O ano de 2017 se encaminha para um término no mínimo contraditório a se julgar pelas informações que circulam no mercado, a começar pelo imbróglio no qual se transformou a mãe de todas as reformas, aquela que, dizem autoridades do governo, poderia – pode? – colocar alguma disciplina nos gastos da administração pública do país: a reforma da Previdência Social.
A munição que o presidente Michel Miguel Temer tinha para usar com o objetivo de conseguir apoio para aprovar as tais reformas estruturantes, entre elas a da Previdência, teve boa parte de seu estoque consumida com a finalidade de garantir a permanência de Temer na cadeira presidencial.
Enquanto o presidente se esforçava para se manter no cargo, o texto da reforma previdenciária foi sendo detonado e pouco do que originalmente deveria ser o arcabouço da reforma se manteve. Para piorar a situação, o Congresso Nacional preferiu empurrar para 2018 a votação, e talvez, a aprovação da reforma da Previdência. Só que, o ano que vem também traz eleições, aí fica mais difícil mobilizar parlamentares para essa tarefa.
A novidade nesse tema foi a mudança no discurso do governo federal para justificar a necessidade de mudar, agora, os parâmetros que norteiam os benefícios previdenciários, com ênfase para a aposentadoria, focando os privilégios que funcionários e agentes públicos usufruem quando se aposentam, como a garantia de manter na inatividade os mesmos valores que ganhavam quando em atividade.
Para se ter uma ideia dos privilégios que o governo diz tentar combater com a reforma previdenciária, basta lembrar que o déficit do governo federal com um milhão de servidores federais aposentados, em 2015, atingiu R$ 90,7 bilhões. Já a massa de 33 milhões de aposentados oriundos da iniciativa privada gerou um déficit de R$ 85 bilhões.
Dados compilados pela Associação Brasileira das Entidades dos Mercados Financeiros e de Capitais (Anbima), citado pelo jornal Valor Econômico, dão conta que, no Executivo federal, a despesa média por servidor é de R$ 7,58 mil, no Ministério Público da União chega a R$ 18,05 mil, enquanto militares obtêm 9,58 mil.
No Legislativo, o recordista nos gastos médios com benefícios, conforme a Anbima, é de R$ 28,55 mil, enquanto o Poder Judiciário atinge R$ 26,30 mil por servidor.

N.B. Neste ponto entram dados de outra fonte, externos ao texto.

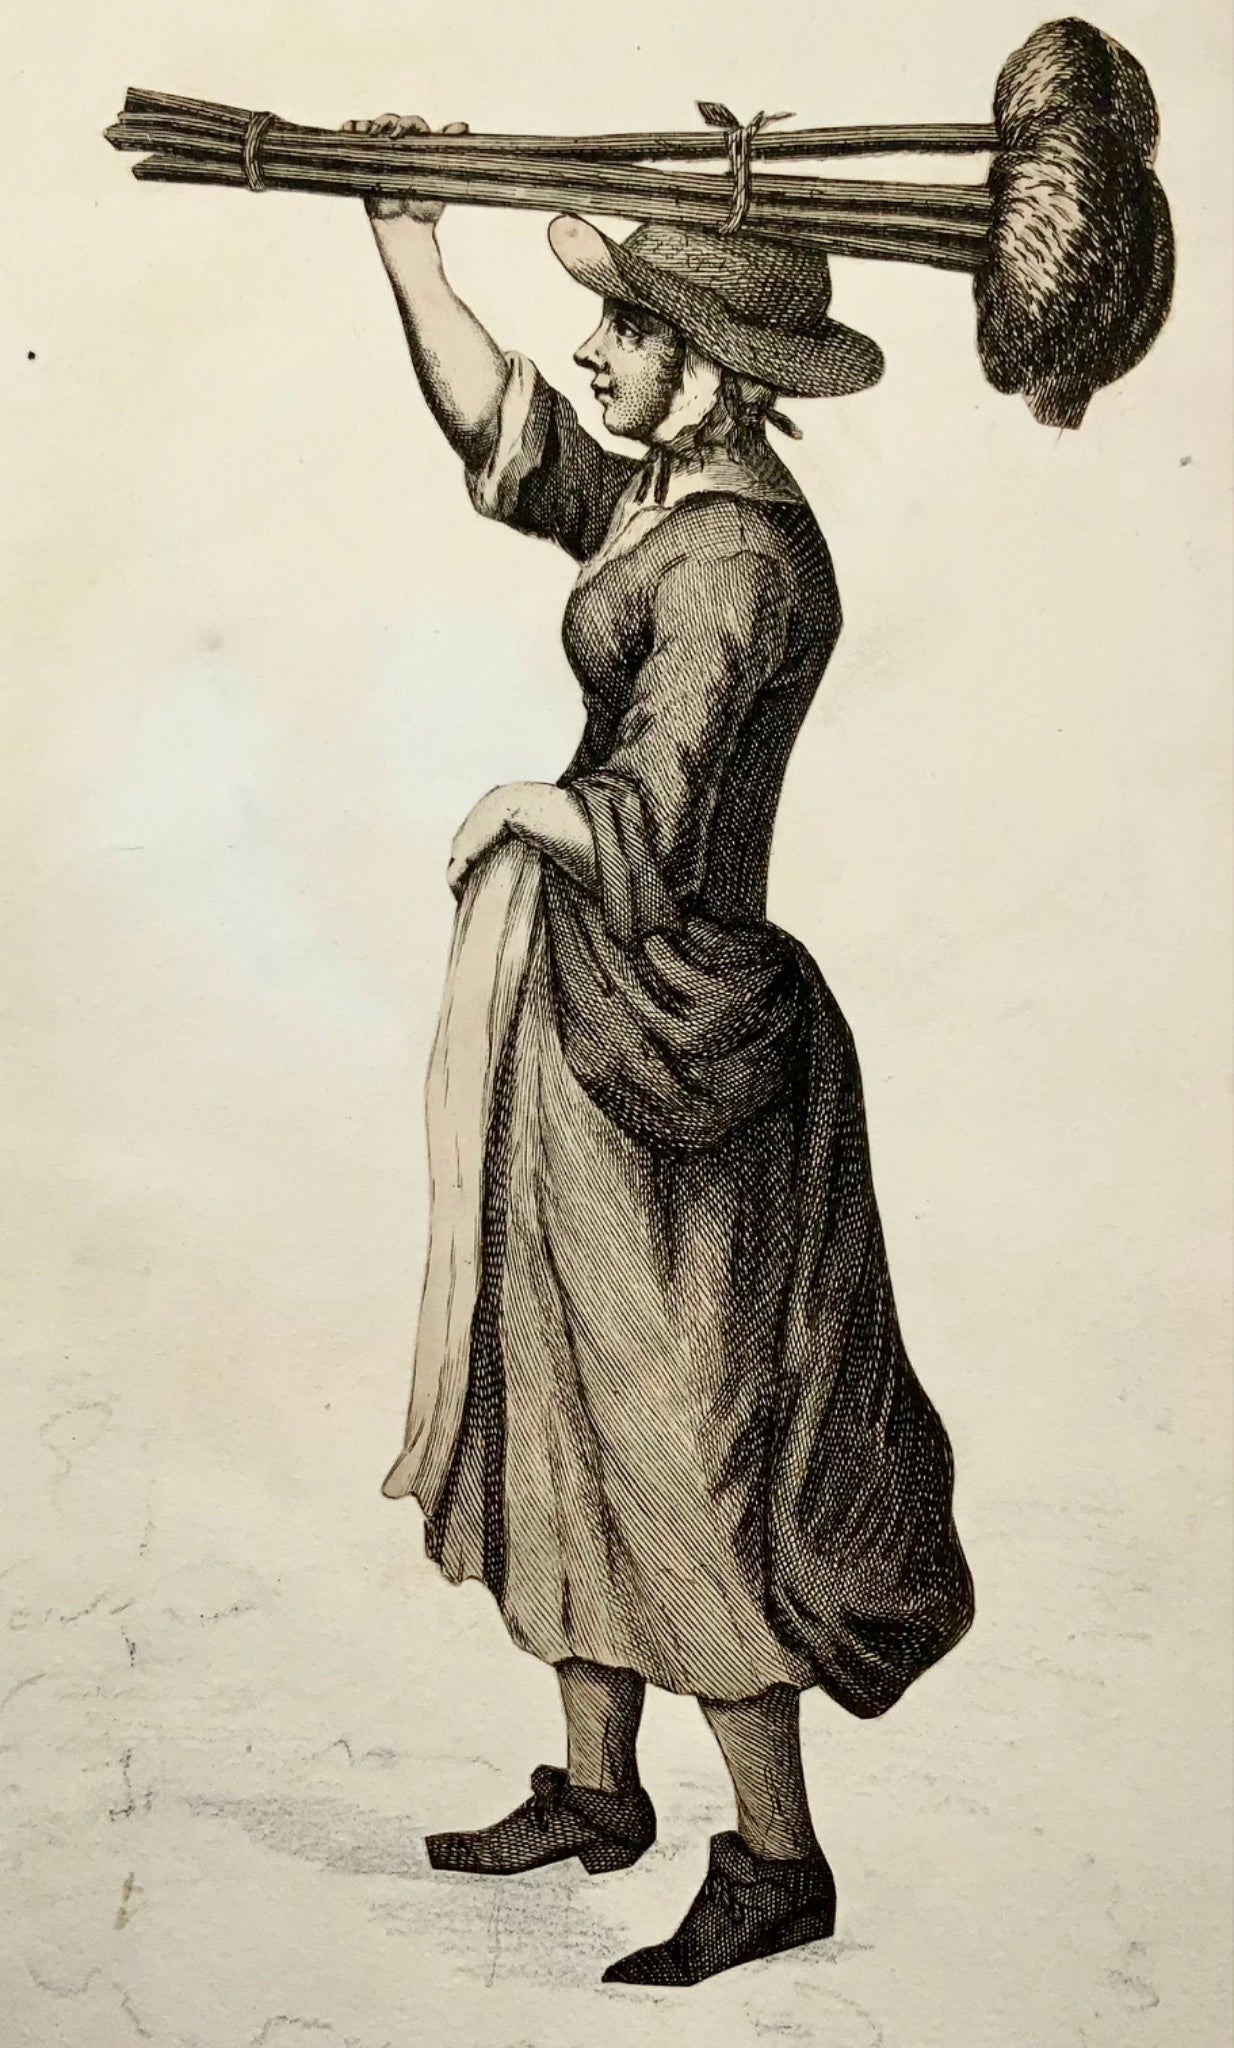 1688 Tempête « Maids buy a Mop », Les Cris de la City de Londres, gravure, métiers

No setor privado, como se sabe, a média dos benefícios é pouco mais de R$ 1,2 mil. Enquanto o segurado do Instituto Nacional de Seguro Social (INSS) tem um teto de contribuição, cerca de R$ 5,53 mil, que é o maior valor, também, para receber como aposentadoria, não são poucos, na esfera pública, os que recebem mais do que o teto previsto em lei para os servidores públicos, algo como R$ 33 mil.
Mas é justamente nesse núcleo de privilegiados, onde a aposentadoria pode ser uma punição, que está a maior resistência à reforma da Previdência. Como é o caso dos magistrados que, se cometerem falta grave podem sofrer a “pena” da aposentadoria compulsória. Só para ilustrar como está arraigada a percepção de que os privilégios devem ser mantidos, basta citar o caso recente da desembargadora aposentada que se enquadrou como em regime de trabalho escravo por não ganhar a remuneração devida a um ministro, acumulada com sua a posentadoria de magistrada.
Enquanto isso, na senzala, digo, na iniciativa privada, aonde o trabalho realmente gera riqueza, quem consegue aposentadoria de três salários mínimos já se dá por feliz.